How to determine whether a self-funded or fully insured plan is right for your company

Albert Ertel, COO, Alliant Health Plans

With the health care industry’s current state of flux, many companies are exploring the value proposition between self-funding their health plan versus a fully insured program.
Albert Ertel, chief operating officer of Alliant Health Plans, says there are similarities between self-funding and the traditional fully insured route, but employers should know the differences and educate themselves before making a decision.
“The basic functions are the same. It boils down to the appetite for risk the employer has,” he says.
Smart Business spoke with Ertel about how to determine which type of insurance is right for your organization.
What are the differences between a self-funded and fully insured plan?
The major differences between these options can be boiled down to risk and services included. In self-insurance, the employer becomes the health insurance ‘company.’ The employer is insuring its employees and their families. Providing health care for this population may be difficult to quantify. Additional coverage or reinsurance is available to insure against potential catastrophic losses.
In the fully insured world, the insurance company takes financial responsibility to pay eligible health care expenses and administrative expenses for that population. The insurance company takes the risk and responsibility to do it all: administration, eligibility, enrollment, ID cards, claim payment, customer service, coordinate care, etc.
In self-insurance you are the plan, the administrator and coordinator. You hire additional experts on your behalf to get it done. Potential savings comes from lower cost of administration. Self-funded plans are not subject to state insurance laws or taxes. However, as federal health care reform ramps up, that flexibility may be disappearing.
What does ‘unbundling’ services mean and how does it affect self-funded insurance?

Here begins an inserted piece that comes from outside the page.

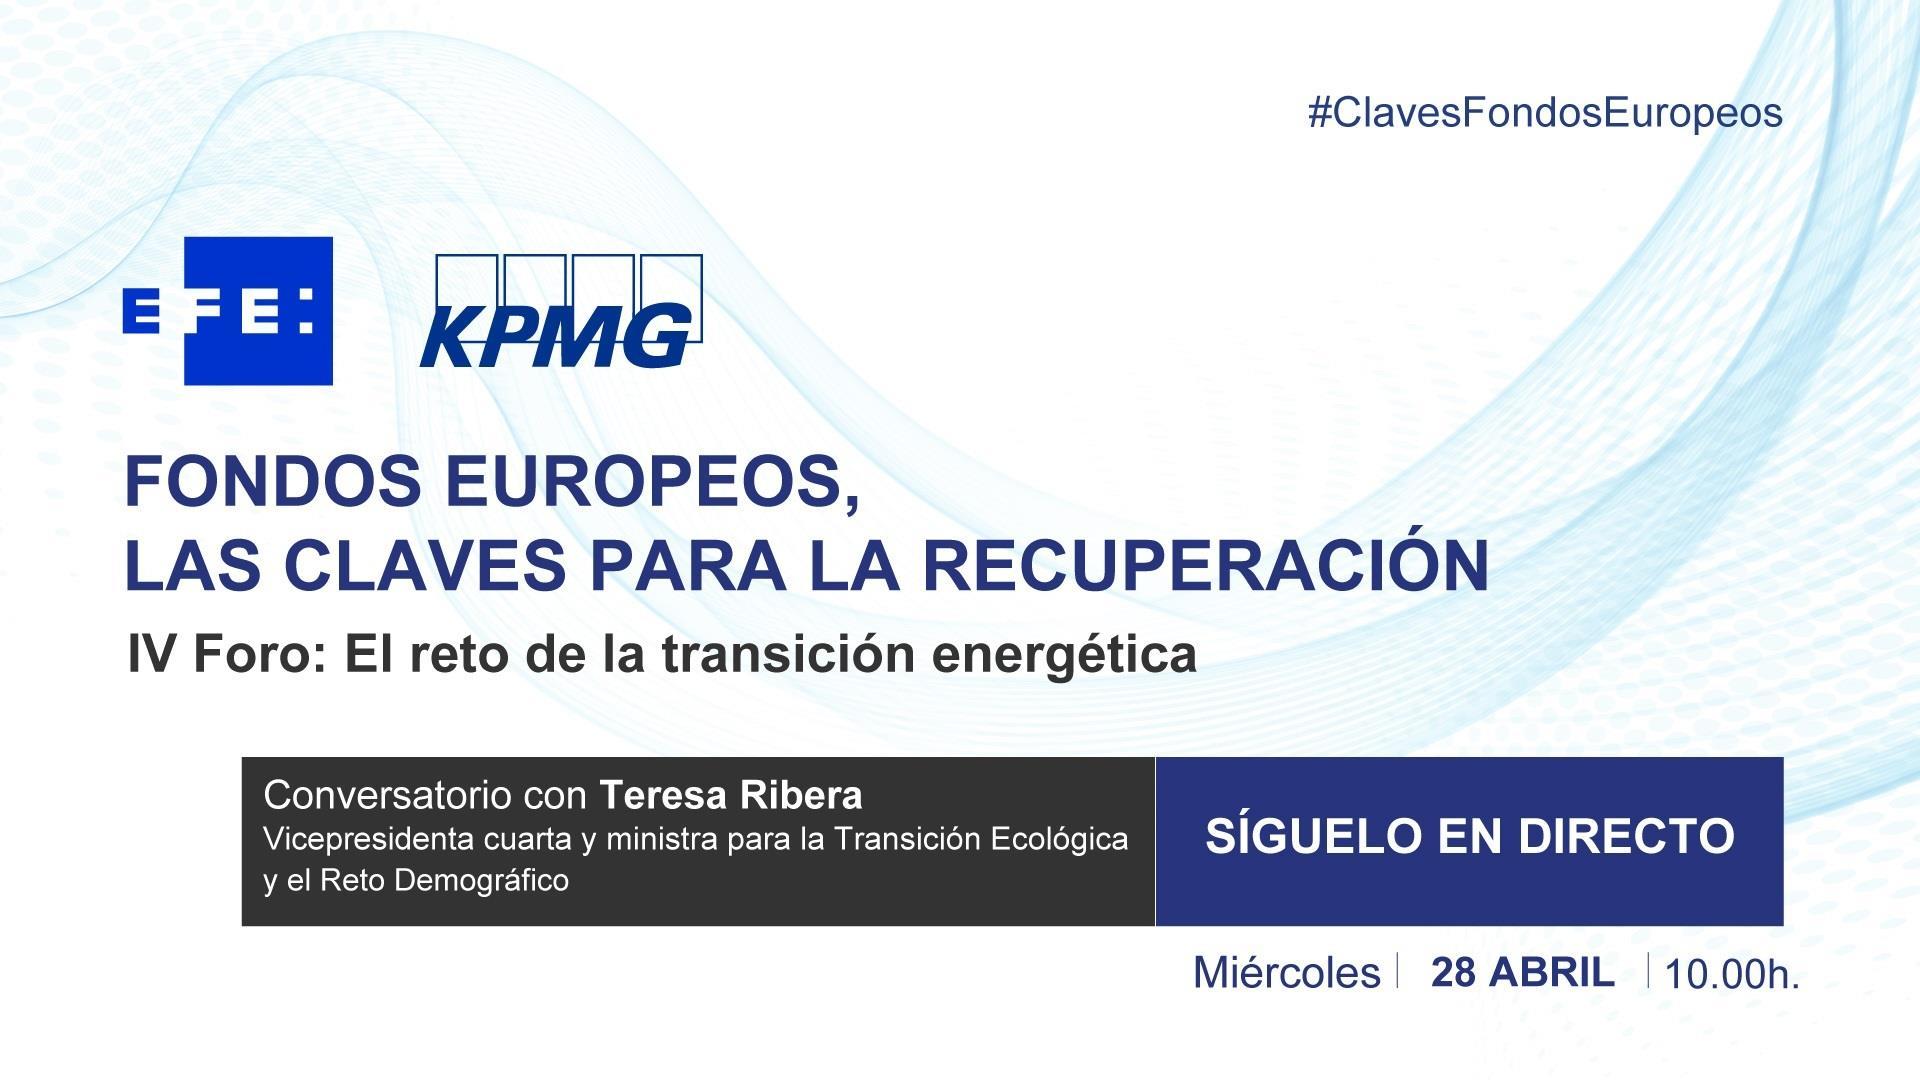 La vicepresidenta cuarta y ministra para la Transición Ecológica y el Reto Demográfico, Teresa Ribera, protagoniza este miércoles el cuarto de los foros que organizan EFE y la consultora KPMG sobre los fondos europeos, que en esta ocasión estará centrado en el reto de la transición energética.EFE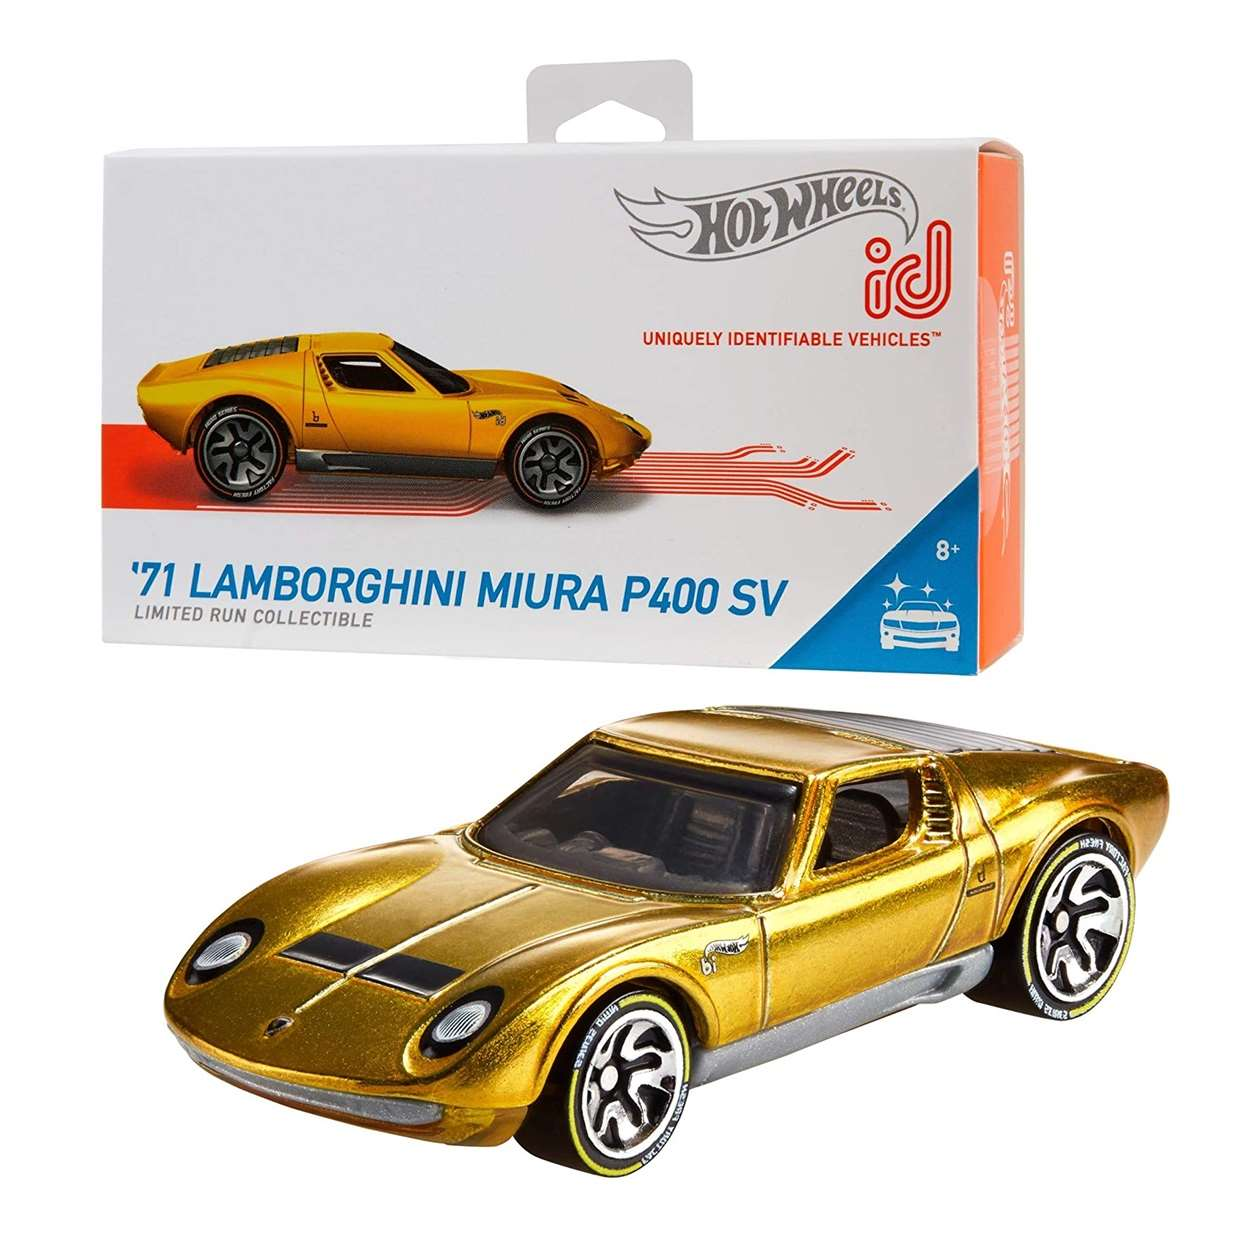 71 Lamborghini Miura P400 Sv Hot Wheels ID

Most services are included as a ‘bundle’ in fully insured plans. The insurance company is at risk, so medical management, care coordination and a basic wellness program are inclusive. By unbundling, self-insuring companies determine which services they will use in their plan. At a bare minimum, they are going to need a TPA (third-party administrator), provider network, and case management. Adding other services like wellness programs or disease management is up to the employer. Employers may consider other technology-based services offered in many fully insured programs including PHR (personal health record) and Internet access to claims and potential treatment costs (transparency).